今回の仕立てはすべて僕がデザインしたのである。僕としては何か新しいデザインをしてやろうとか、世界を驚かせるようなものを生み出してやろうとか、そういうことを考えたわけではない。ただ単に、ロクに似合うような、戦っている最中にこういう恰好なら映えるだろうな、という想いを込めただけなのだ。
そのイメージパースを確認してもらうため彼女に送ったときに、僕がびっくりするほど喰いついてきたのである。彼女も、ちょうど有名なファッションショーへ出品することが決まったばかりで、そのデザインに頭を痛めていたらしい。僕のパースを見たときに、それが斬新で面白いと思うだけでなく、新しいデザインが湧き上がってくるきっかけになったというのだ。

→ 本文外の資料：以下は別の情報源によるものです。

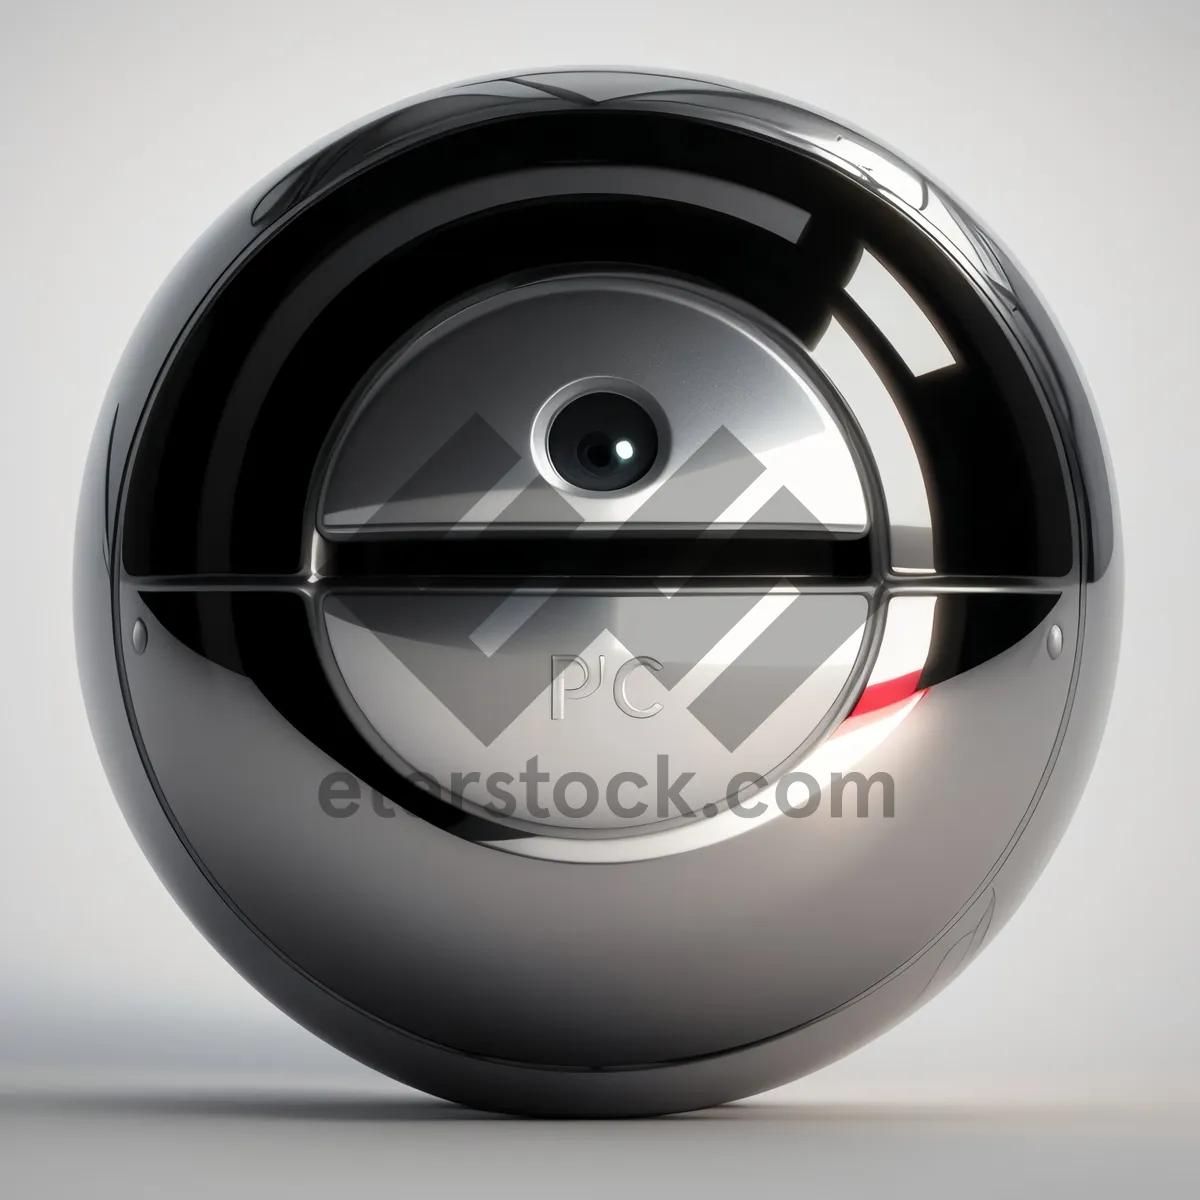 Picture of Shiny Silver Metallic Audio Disk Icon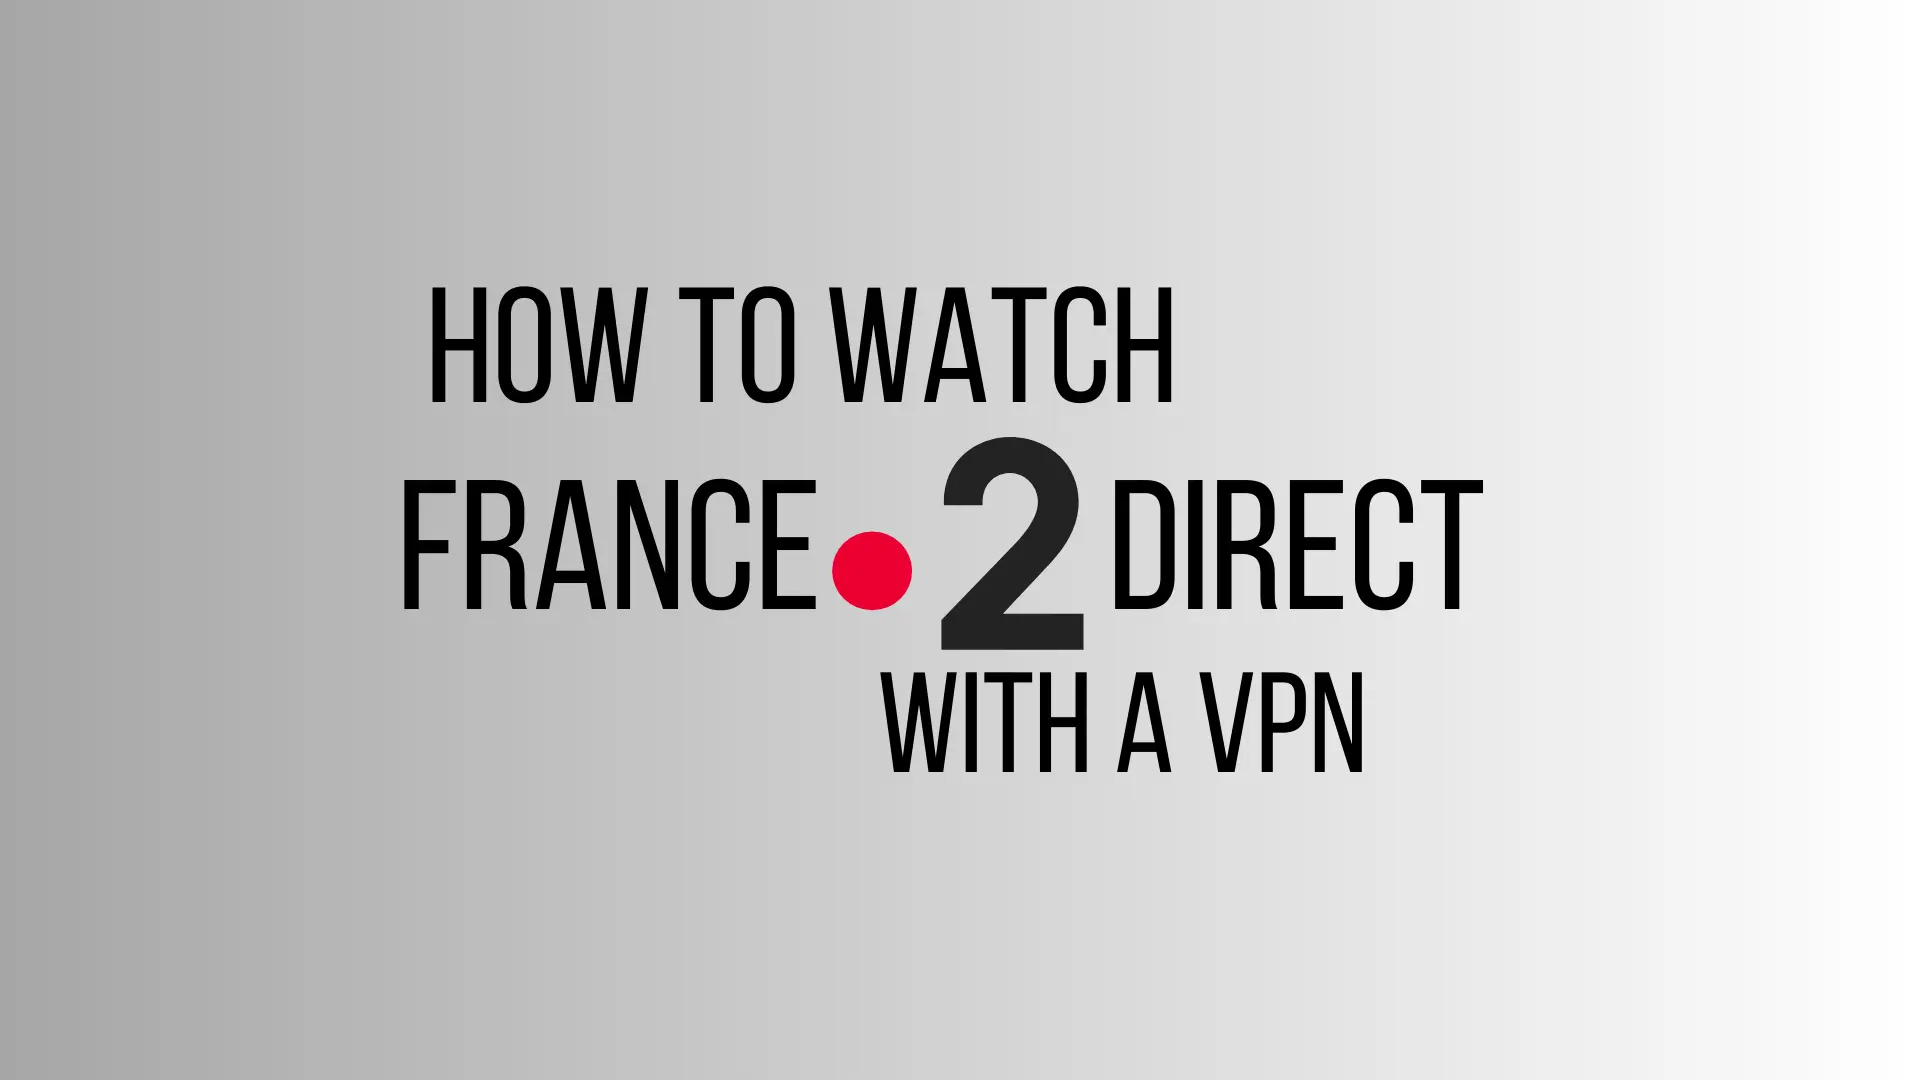 How to Watch France 2 Direct with a VPN [And Best VPNs to Use]

そういう訳で、今回の仕立て代金の半分はお金で、残りの半分は権利の譲渡で、ということになったのだ。僕としては、半額で仕立ててくれるだけで大いに有難いものだった。
「本当に器の大きい人ね。普通は八割寄こせ、良心的な人でも半分寄こせと言うものよ」
「まあ、これは副産物でしかないんだ。僕にその才能があるわけじゃないよ」
「ねぇ、本当に付き合ってみない?」
「こういうのは僕の少ない経験からいっても、失敗するパターンだぞ。付き合った後で懐の大きさを知ったならまだいいけれど、付き合う前に感じたものなんか所詮、自分勝手に膨らませた、それこそ幻想でしかないものなんだ」
「あら、知った風なことを言うじゃない。まあ、いいわ。わたしも今は男が欲しいわけじゃないから、あなたが落ち込んで困っているときにでも苛めてあげることにするわ」
まったく現世のサルメそのものだ。コイツが死んで霊界に来た時にはどうなるのか見てみたいものである。そんなことを考えていると、シロネコミコトの宅急便が集荷に訪れた。上積厳禁のシールを張り、すべてを持って行ってくれた。これで首尾よく完了である。